Entrée en vigueur le 26 novembre, la directive européenne relative à la gestion des inondations demande aux États membres d'identifier et de cartographier les bassins hydrographiques et les zones côtières à risque et d'établir des plans de gestion.

Aménagement  |    |  Florence Roussel Actu-Environnement.com
Adoptée en septembre dernier par le Conseil, la nouvelle directive relative à la gestion des inondations en Europe est entrée en vigueur le 26 novembre. Complément important à la législation de l'Union européenne relative à l'eau, elle a été élaborée afin d'assurer sa compatibilité avec la directive cadre sur l'eau. Elle concerne tous les types d'inondations, qu'elles soient causées par les crues des cours d'eau ou des lacs, qu'elles se produisent en zone urbaine ou côtière, ou qu'elles soient la conséquence de marées de tempête ou de tsunamis. Cette réglementation a pour finalité de réduire les risques d'inondation et leurs conséquences négatives dans l'Union européenne. Pour cela, elle impose aux États membres de privilégier une approche de planification à long terme et sa mise en œuvre s'organise en trois étapes.
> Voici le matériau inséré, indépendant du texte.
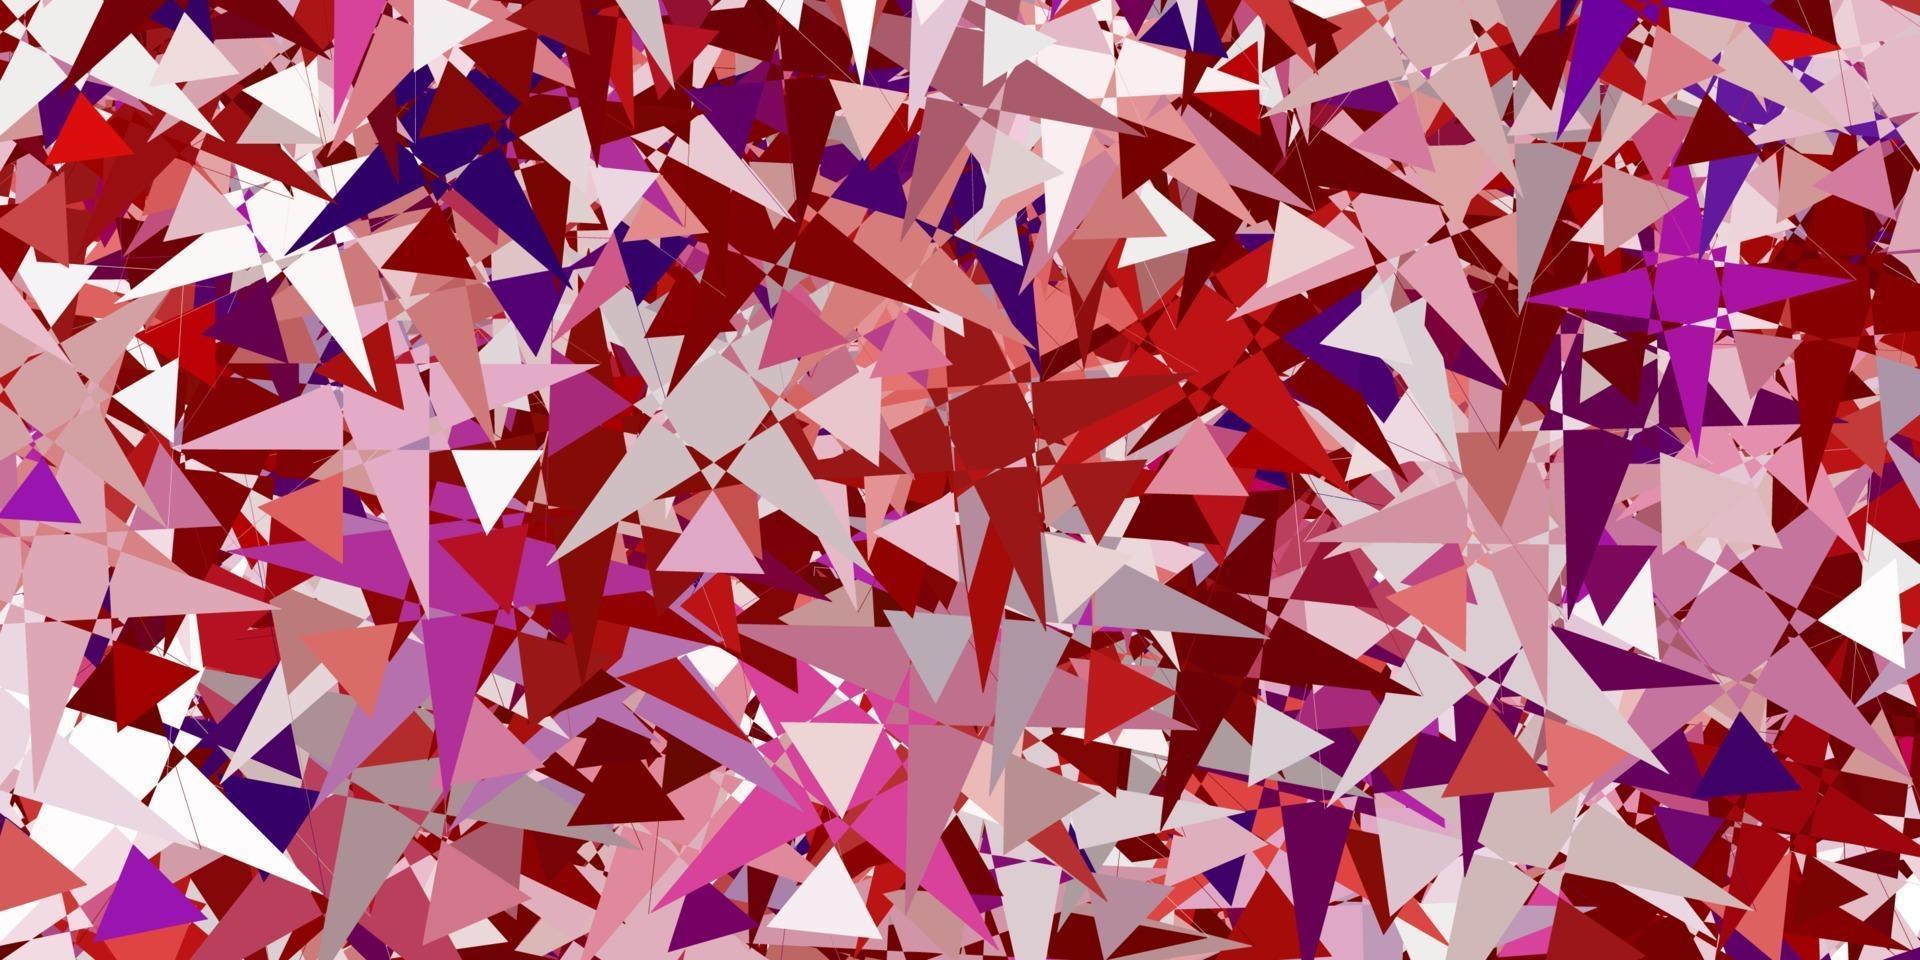 modelo de vetor rosa claro, vermelho com formas de triângulo.
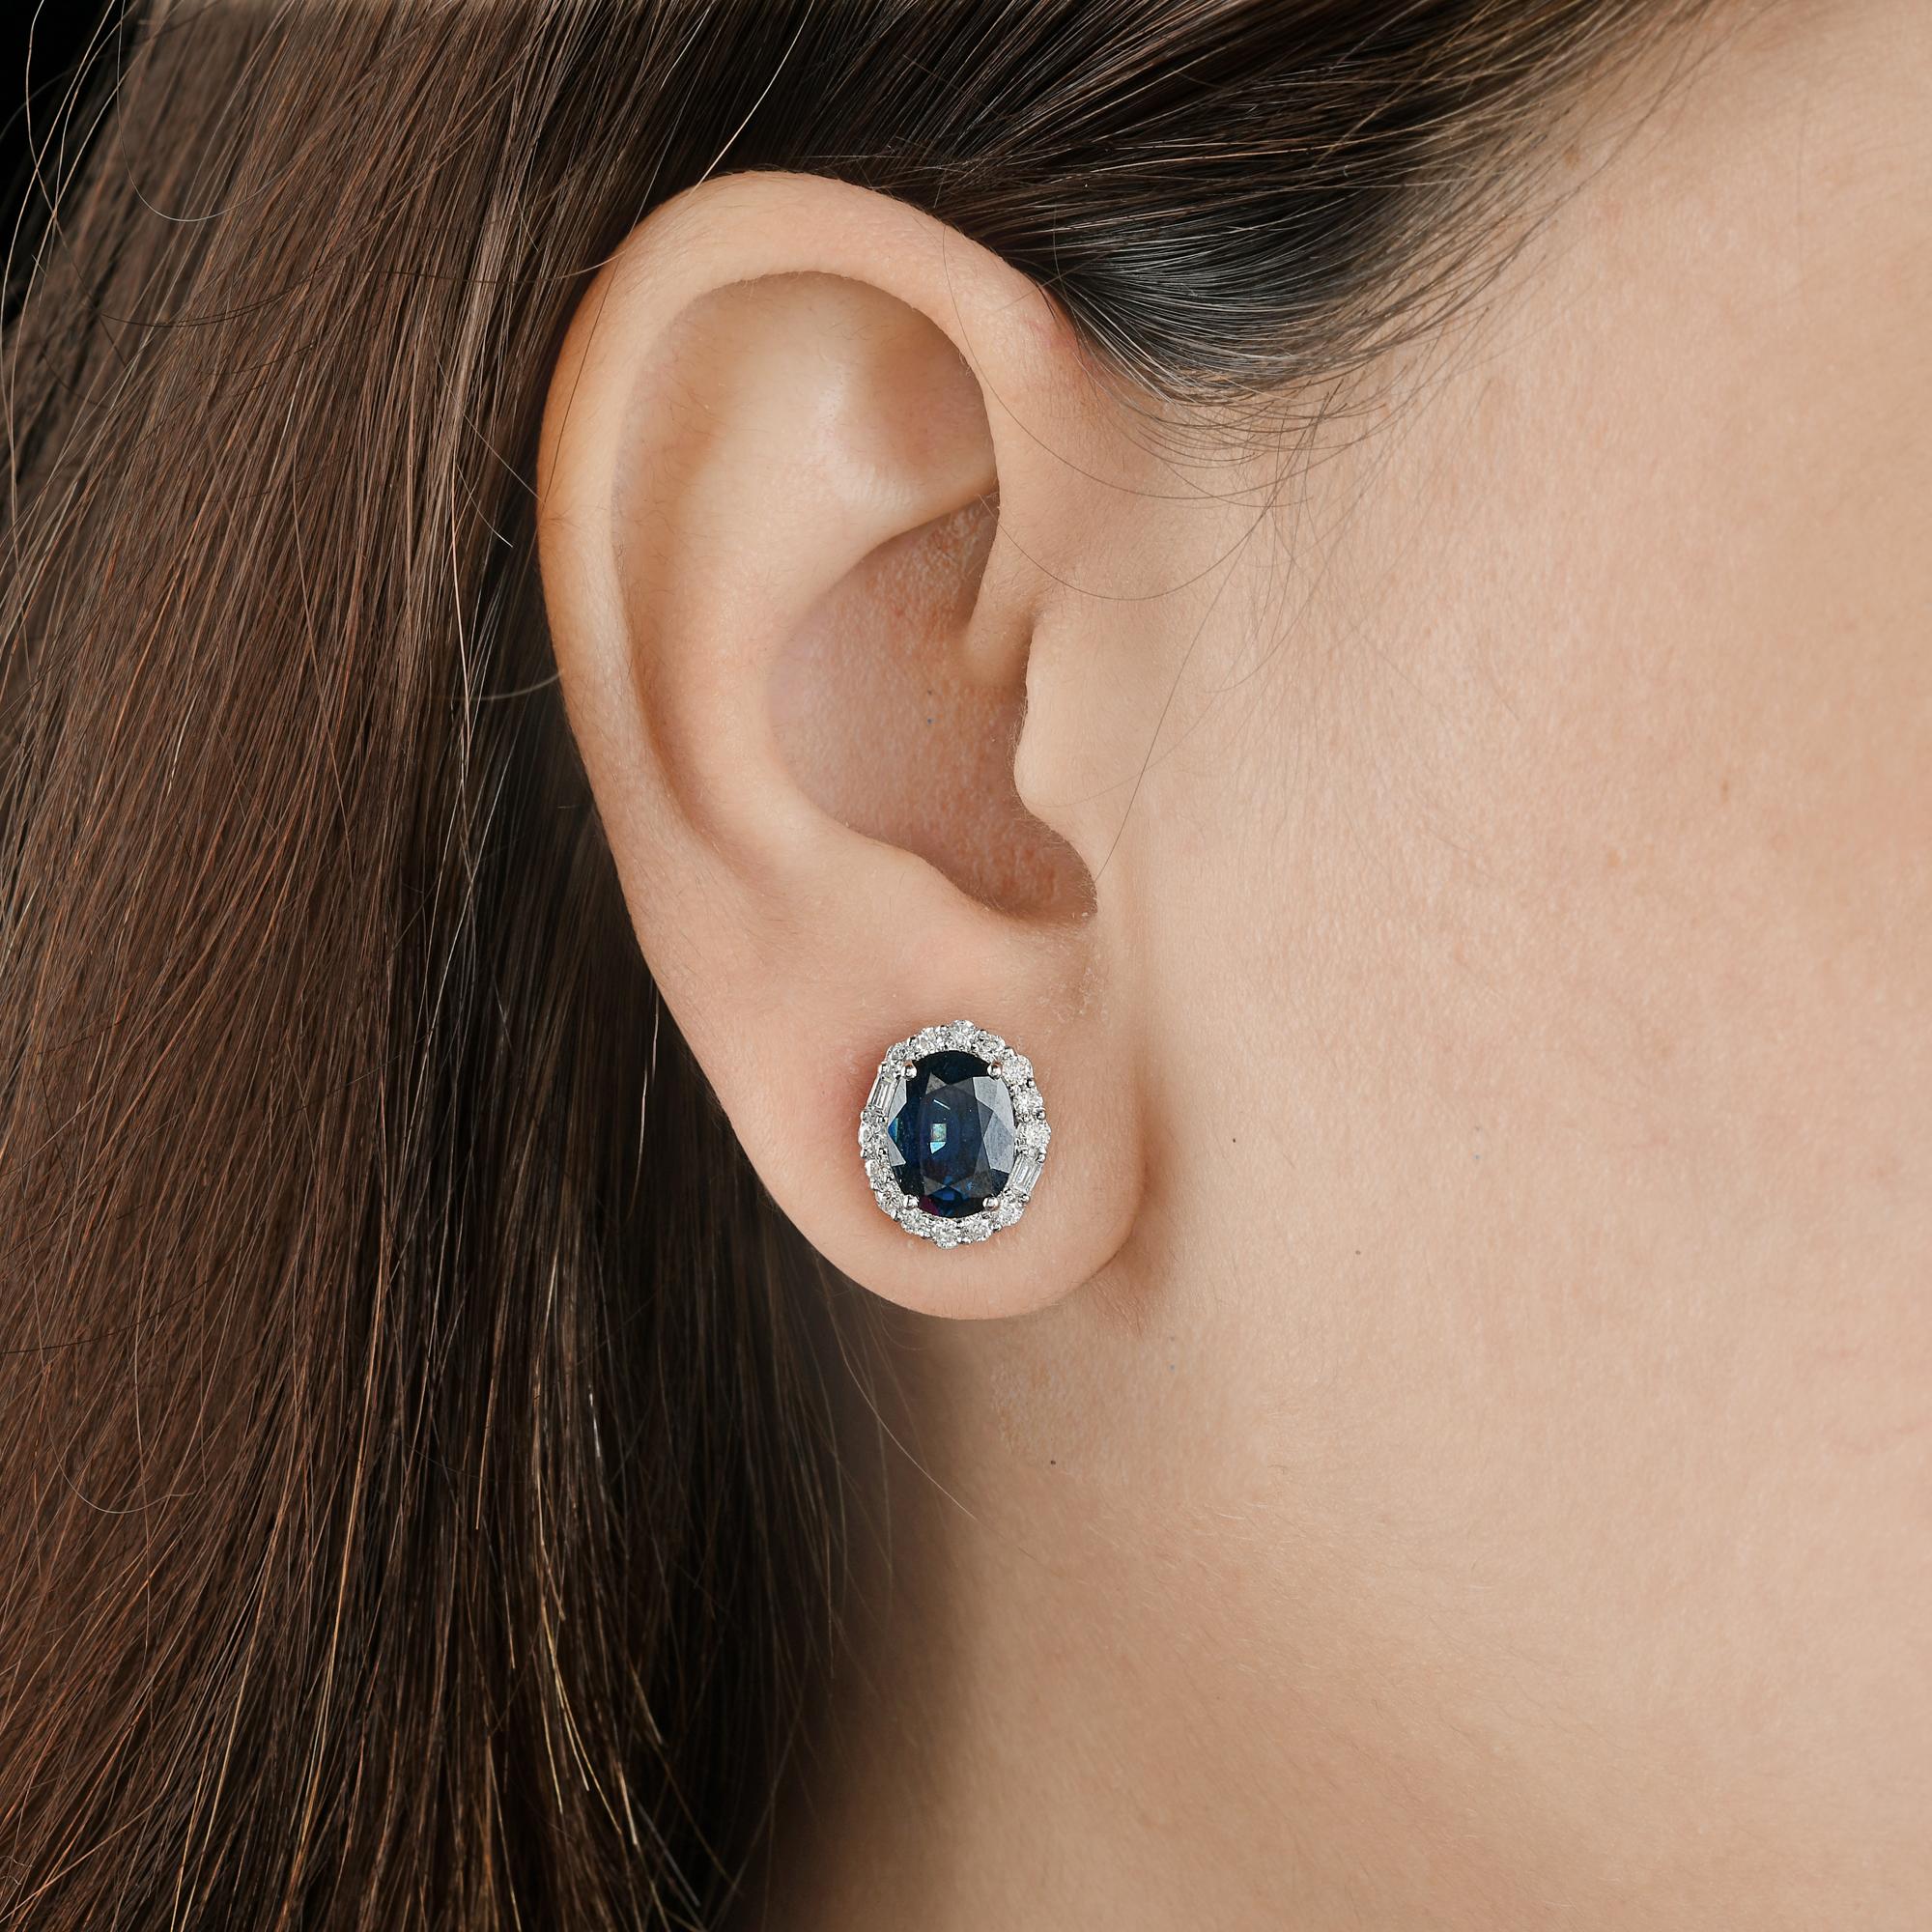 Oval Cut Blue Sapphire Gemstone Stud Earrings Diamond 18 Karat White Gold Fine Jewelry For Sale

Dans un premier temps, les Etats membres sont invités à recenser les bassins hydrographiques et les zones côtières à risque. Cette évaluation préliminaire doit informer sur la topographie de la zone, l'hydrologie, l'occupation des sols, les inondations passées, les axes d'évacuation des eaux, les infrastructures artificielles, la localisation des zones habitées, etc. Cette première étape doit être achevée au plus tard le 22 décembre 2011.

Les Etats membres doivent ensuite déterminer pour chaque zone identifiée des cartes liées à la probabilité d'inondation (faible, moyenne ou forte). Les cartes doivent fournir des détails tels que le niveau que pourrait atteindre l'eau, le débit des crues, les activités économiques qui pourraient être touchées, les installations susceptibles de provoquer une pollution accidentelle, le nombre d'habitants qui pourraient être concernés et les dégâts éventuels que pourrait subir l'environnement. Ces cartes doivent être finalisées au plus tard pour le 22 décembre 2013.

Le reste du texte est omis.